As Bayne looked out of the window, urging his mind to appraise the human interest of the entourage, to apprehend its significance, he bethought himself of a certain old Cherokee phrase that used to baffle him in his philological studies. He remembered in a sort of dreary wonder that he had once felt enough curiosity concerning this ancient locution to maintain a correspondence with the Ethnological Bureau of the Smithsonian Institution as to its precise signification--and now he could scarcely make shift to recollect it.

He had then been hard on the track of the vanishing past; his wish was to verify, solely for the sake of scholastic accuracy, these words of the ancient Cherokee tongue, the Ayrate dialect, which was formerly the language of their lowland settlements in this region, but which, since the exodus of the majority of these Indians to the west and the fusion of the lingering remnant of their upper and lower towns into this tribal reservation east of the Great Smoky Mountains, has become lost, merged with the Ottare (Atali) dialect, once distinctively the speech of their highland villages only, but now practically modern Cherokee.

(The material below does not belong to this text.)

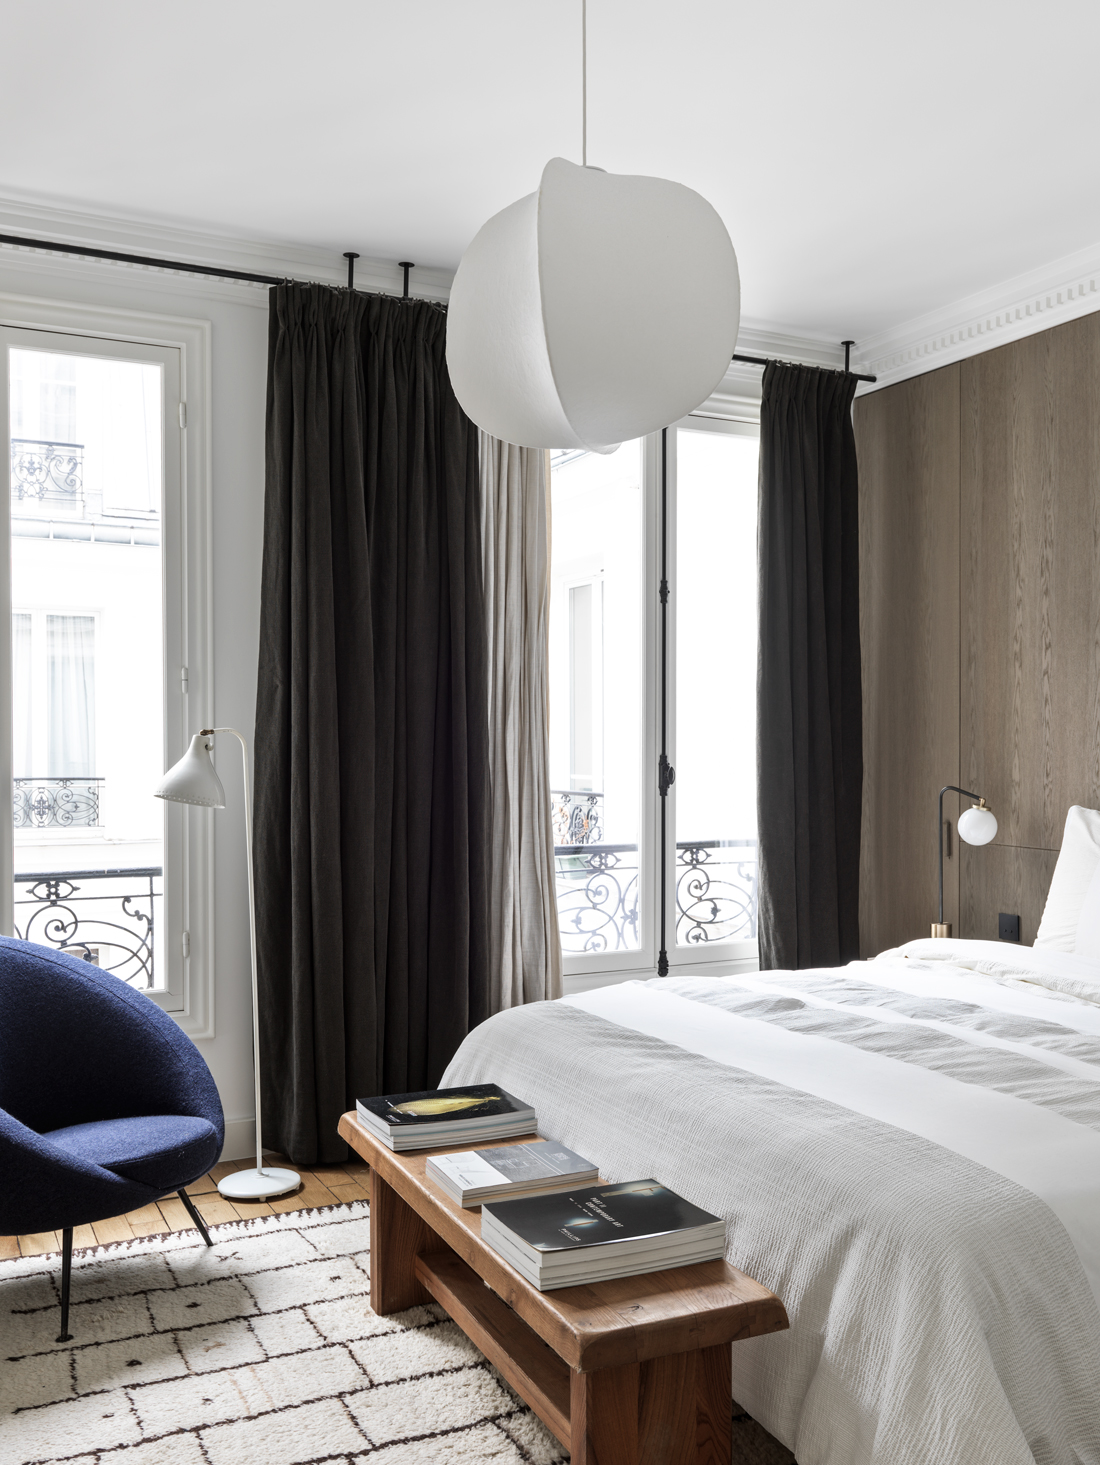 Paris Apartment by Nicolas Schuybroek Architects

As Bayne recalled the circumstances, he noted one of the Qualla Indians loitering about the scene of the wreck. He put a question to him from out the window of the coach, and discovered that he spoke English with some facility. The old habit reasserted itself with inherent energy, and presently Bayne was moved to leave the car and sit on a pile of wood near the track, where, with his new acquaintance, he floundered over verbal perversions of modern changes and lost significations of the language and the contortions of Anglicized idioms, till at length he remarked that if his interlocutor would act as interpreter he should like to converse on the subject of these words with some old Cherokee who had never learned English and had seldom heard it spoken.